Multiple Personalities: A Lifestyle of Choice

It wasn’t until the mid 1980s that hundreds of women believed they had multiple personalities and began to live their lives accordingly – whatever that meant. By the 1990s their numbers at least doubled. Richard Kluft, M.D., Bennett Braun, M.D., Cornelia Wilbur, M.D., Colin Ross, M.D., Richard E. Hicks, M.D. a other proponents at the center of the multiple personality debacle, had significant influence on their colleagues. Kluft confesses  –  “not much has changed over the years.”

Kluft is wrong, and so are the others whether or not they admit it.
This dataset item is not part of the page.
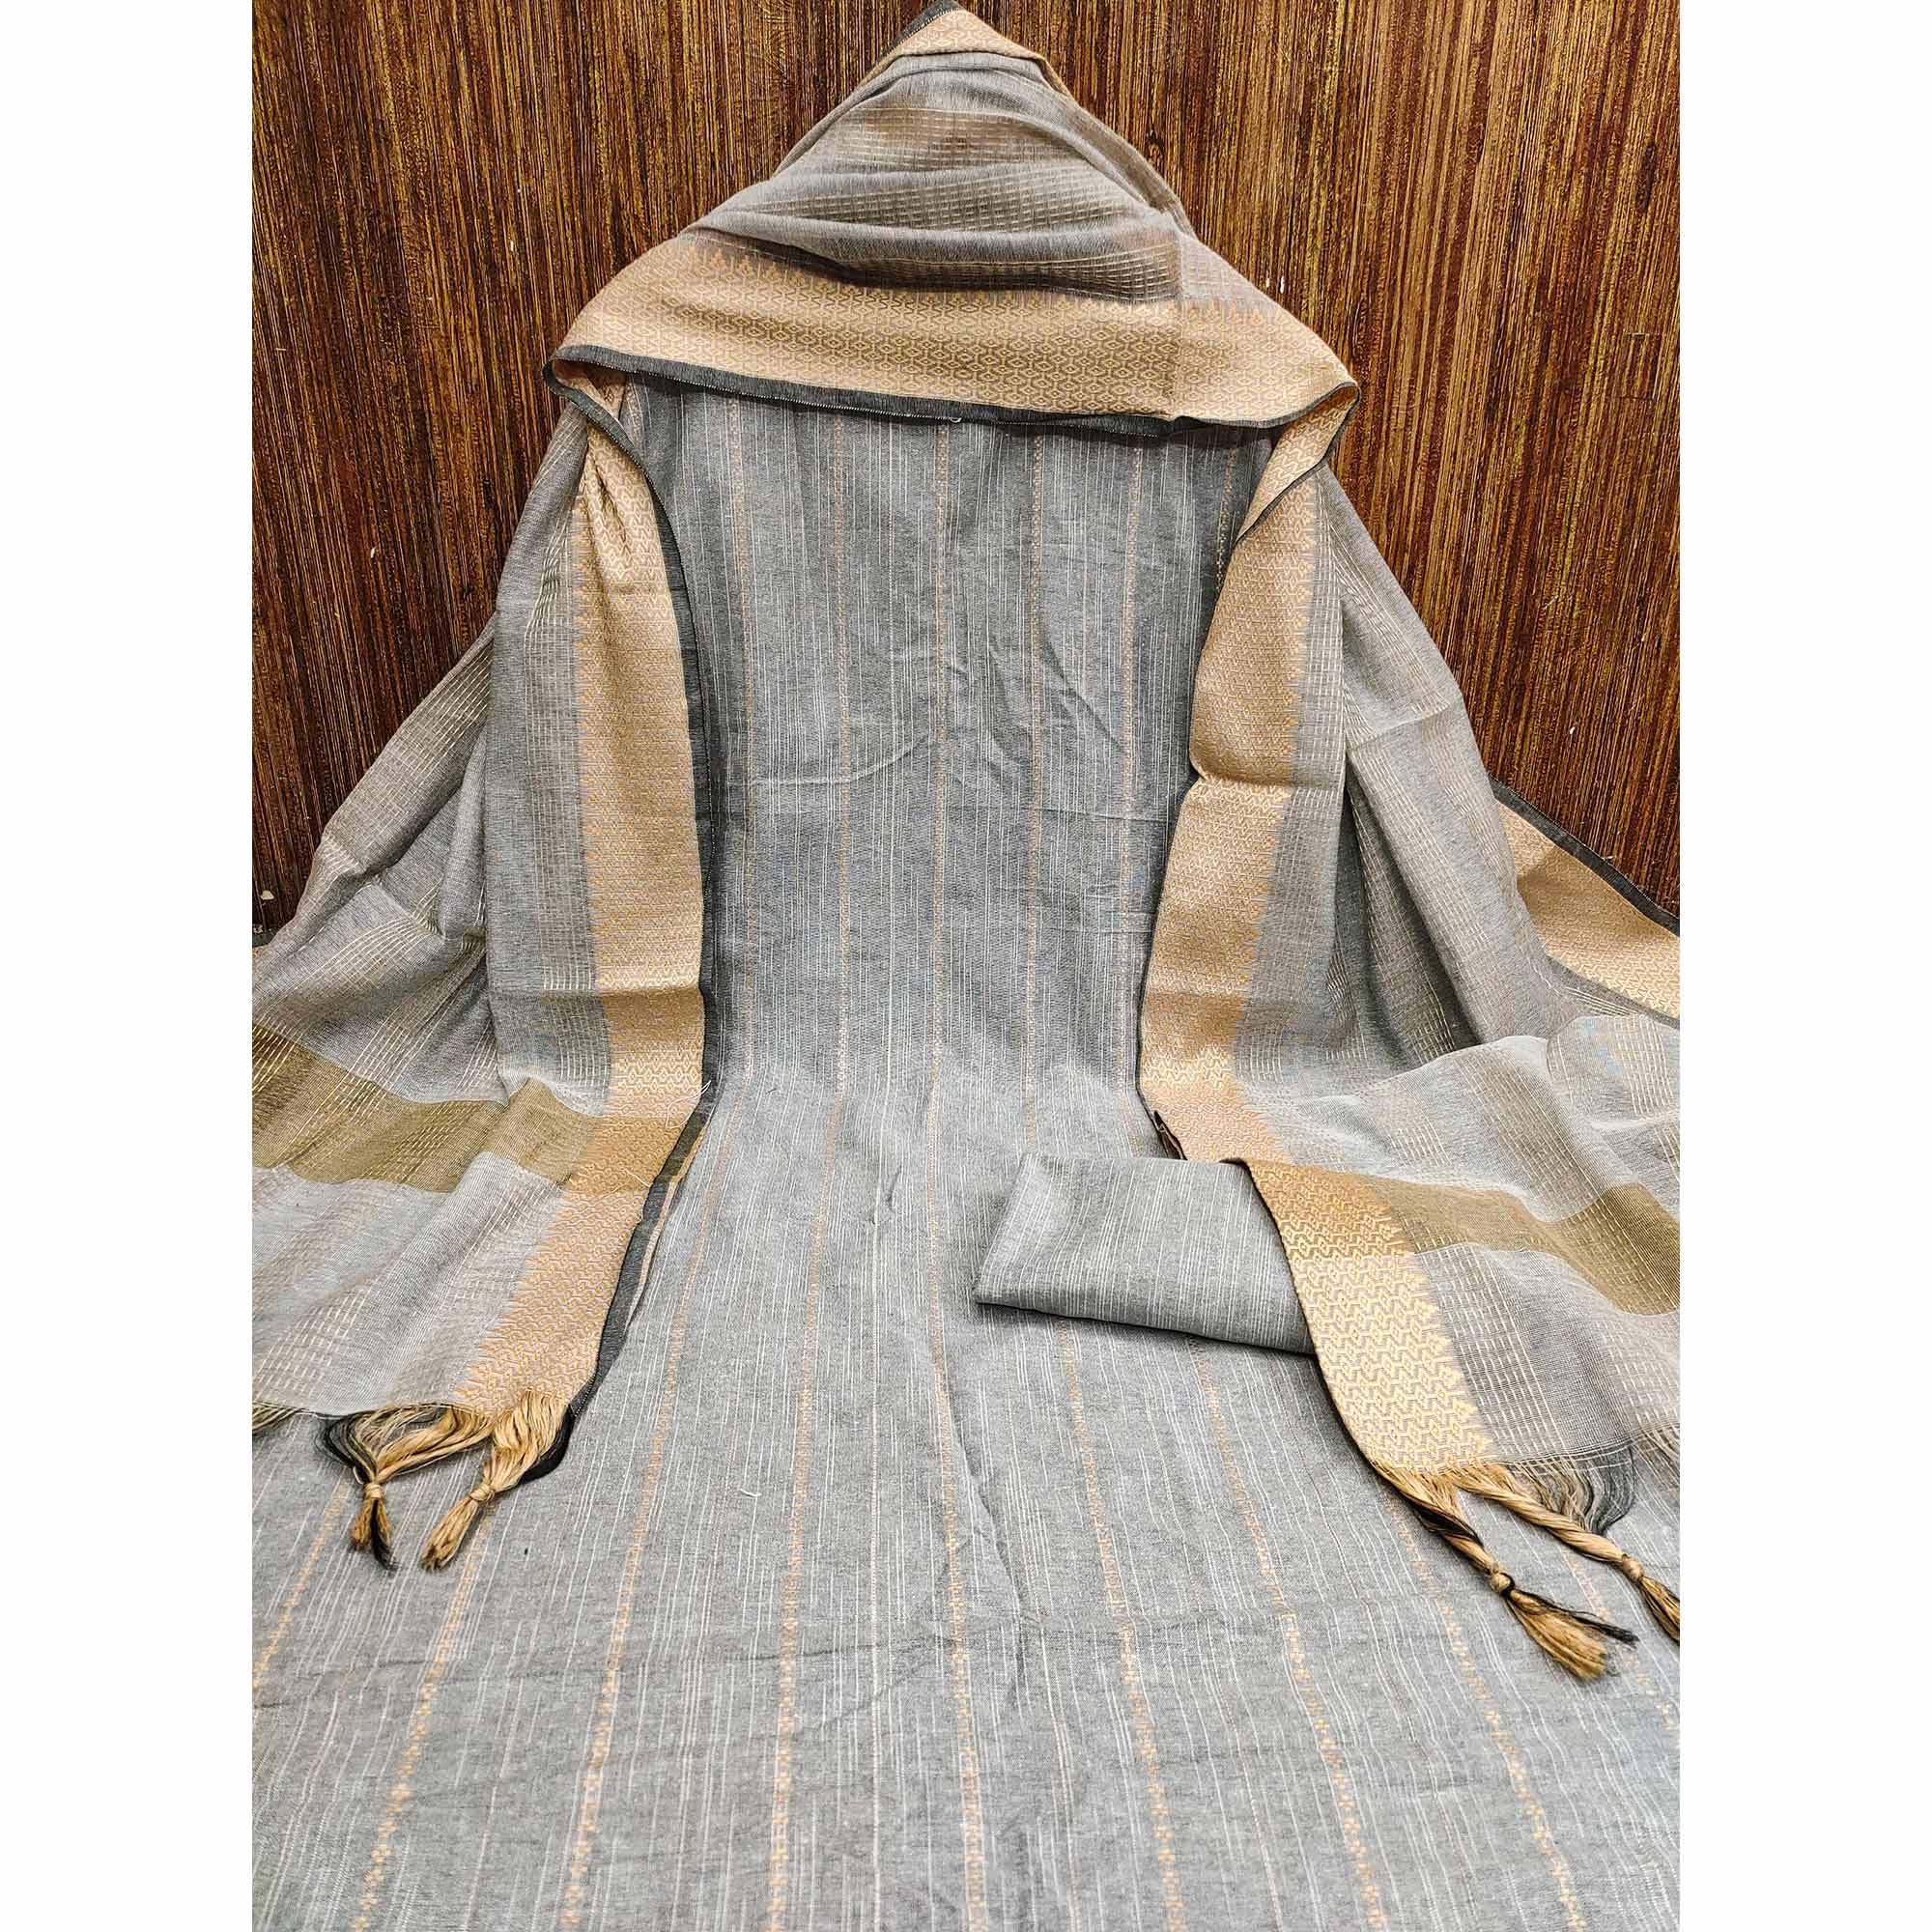 Grey Woven Cotton Blend Dress Material

The change in the relationships between adult-multiples and their birth families is devastating for all – except for Kluft and others who conjure up theories, treat patients, collect numerous paychecks and then go home to enjoy the weekend. These medical doctors are either unaware or don’t care about the human carnage left behind their therapeutic wake. The impact of this psychotherapy on the families of multiple’s is profound.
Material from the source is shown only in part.